# Stihl 660M Question



## HomeBody (Apr 9, 2012)

I recently ordered a Stihl 660 Magnum to go with my Logosol M7. I told them it was for milling and I wanted a 28" bar and an .050 chain. They said no problem. When it arrived, it had the 28" bar but with an .063 chain. They said they could not get an .050 chain/bar setup from Stihl. 

My question: Can I put an .050 chain on the bar that came with the saw or do I need a bar specifically for .050 chain? I'm assuming I need a new bar as well as a new chain.
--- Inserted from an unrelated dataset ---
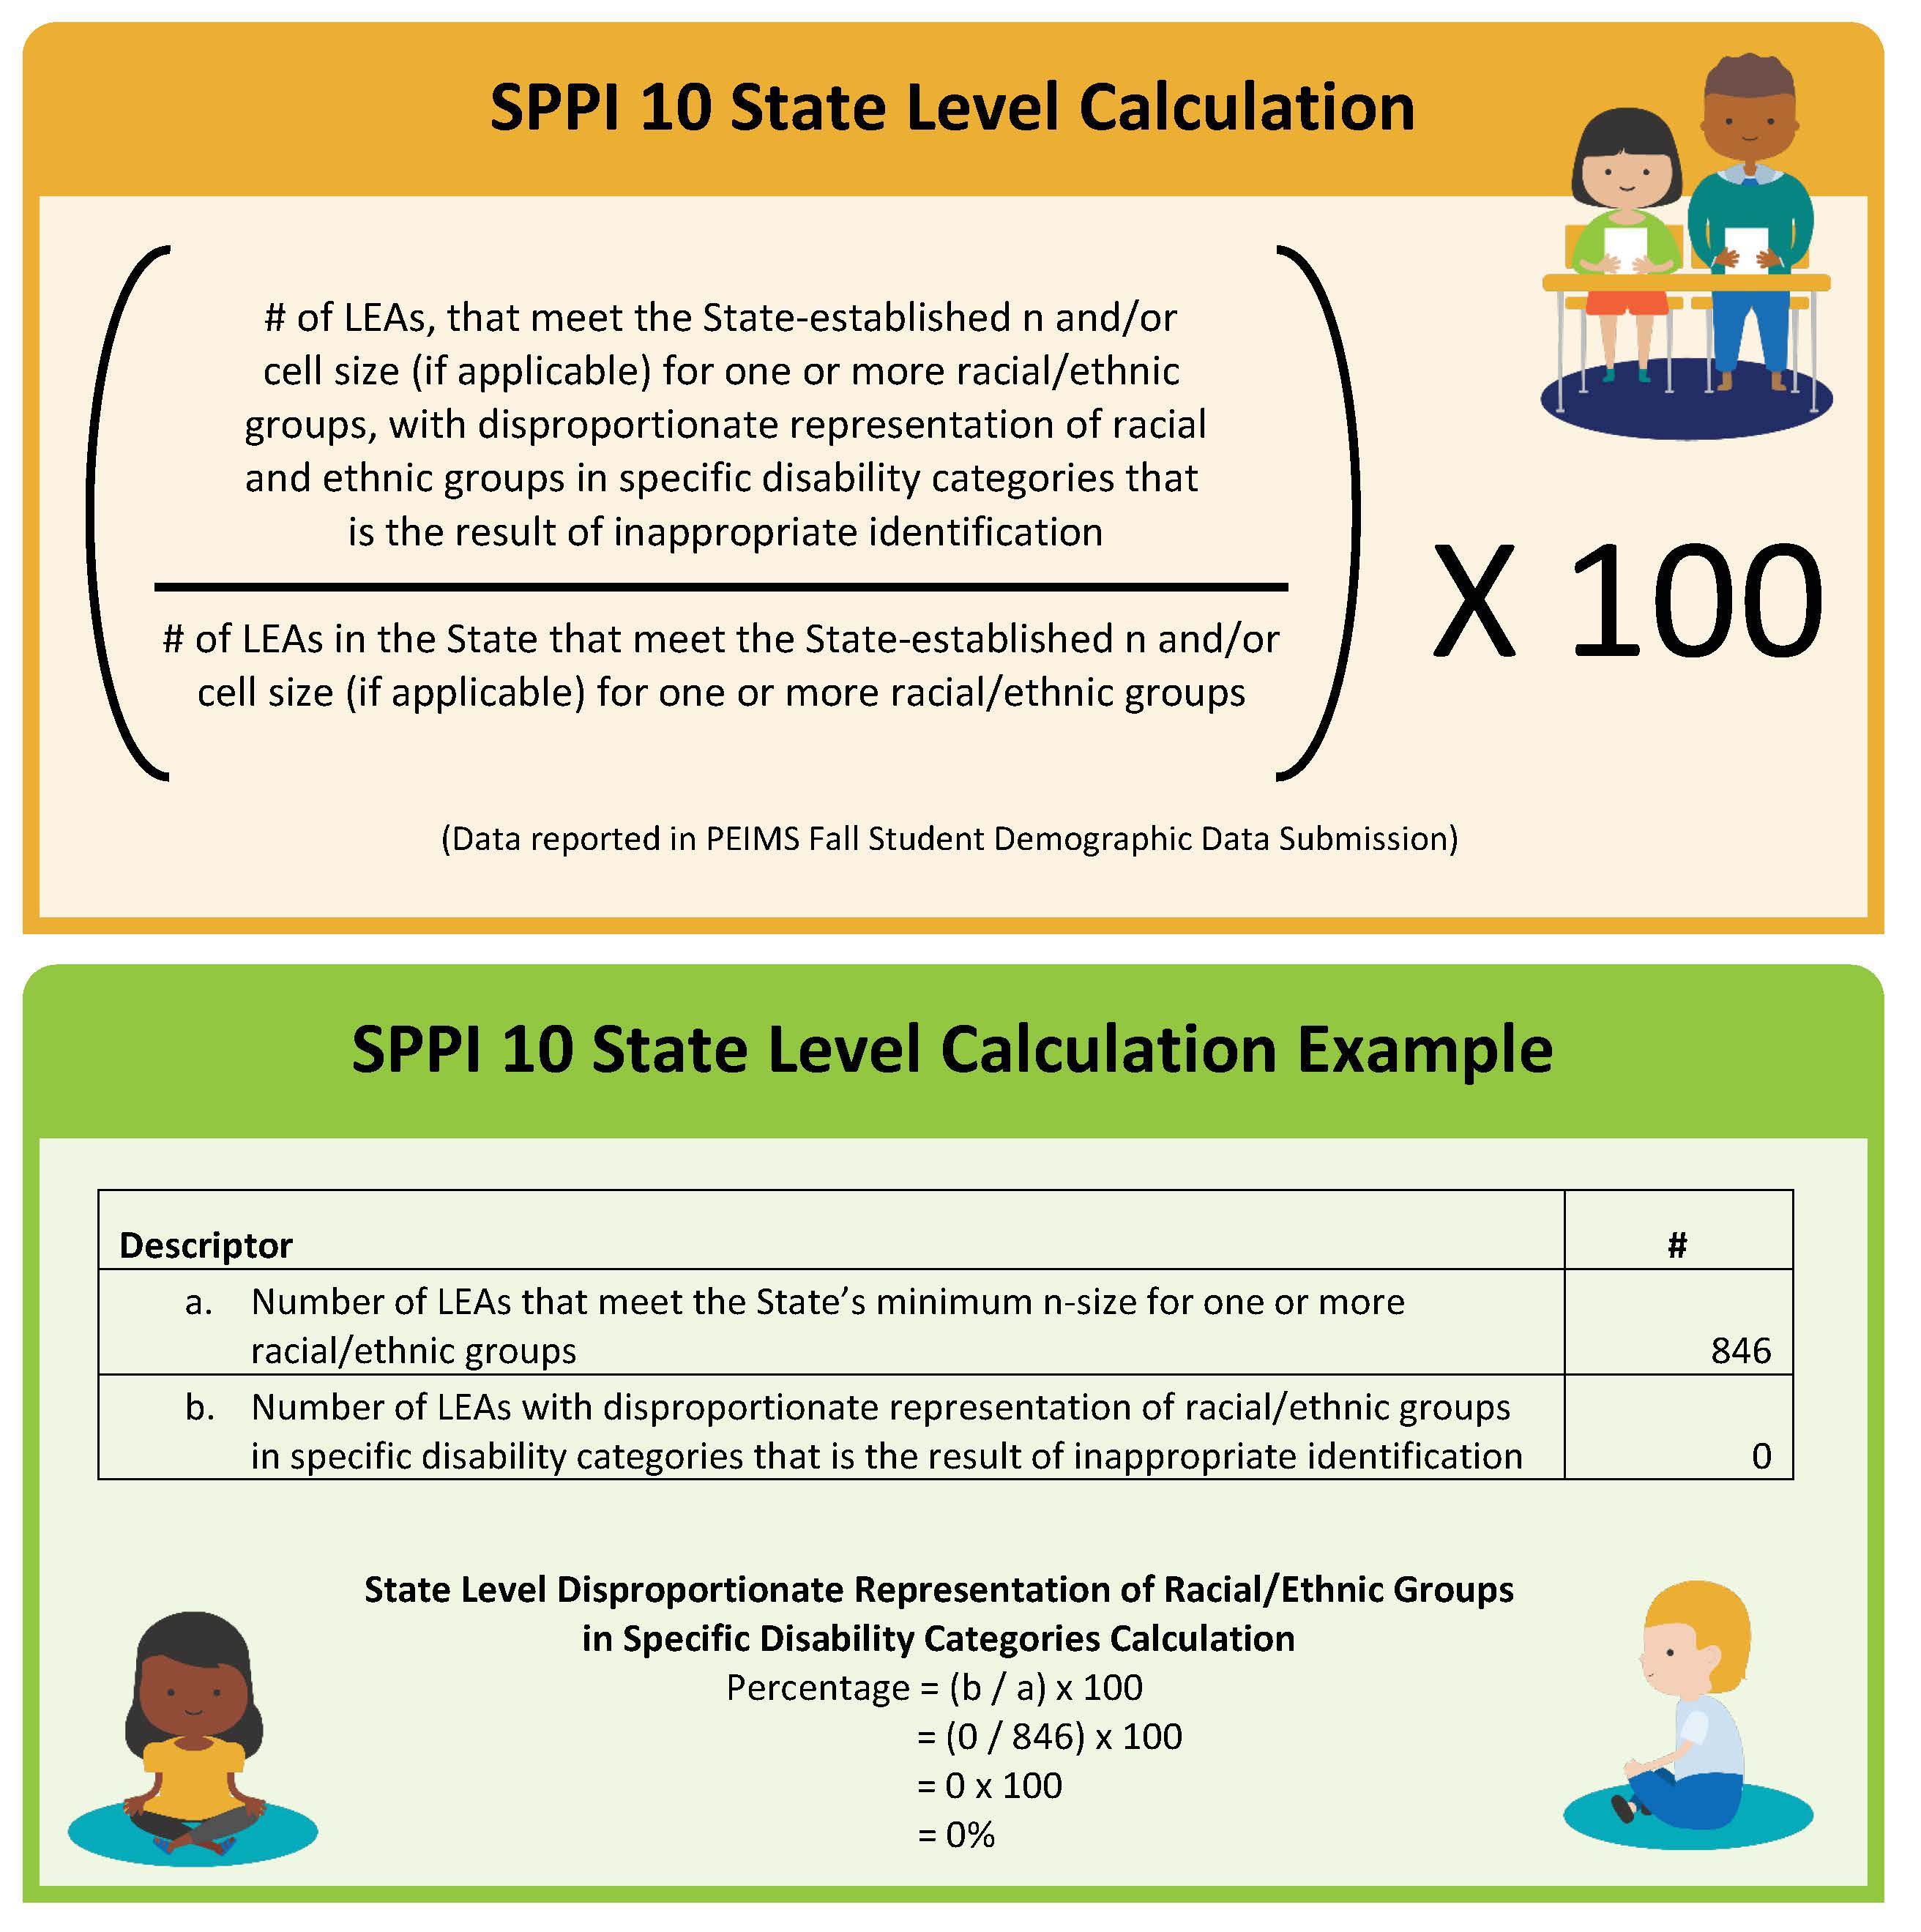 SPPI 10 Calculation and Example

I found a listing for an Oregon bar and Oregon .050 chain for my saw. Would these be good choices? 

Thanks, Gary


----------



## woodtickgreg (Apr 9, 2012)

Correct, you would need a new bar and chain, and possibly a new sprocket for the clutch also. Most of the new commercial saws run an oregon style clutch drum with replacable drive sprockets so the sprocket only can be replaced instead of the whole clutch drum when they wear. But if it was me I would just run the bigger chain for milling, it will hold up better to the rigors of milling, less stretch etc.


----------



## SawTroll (Jun 12, 2012)

Is the .050 chain you want to use regular 3/8", or is it 3/8" Picco.

The bars and drive sprockets are different between those.


----------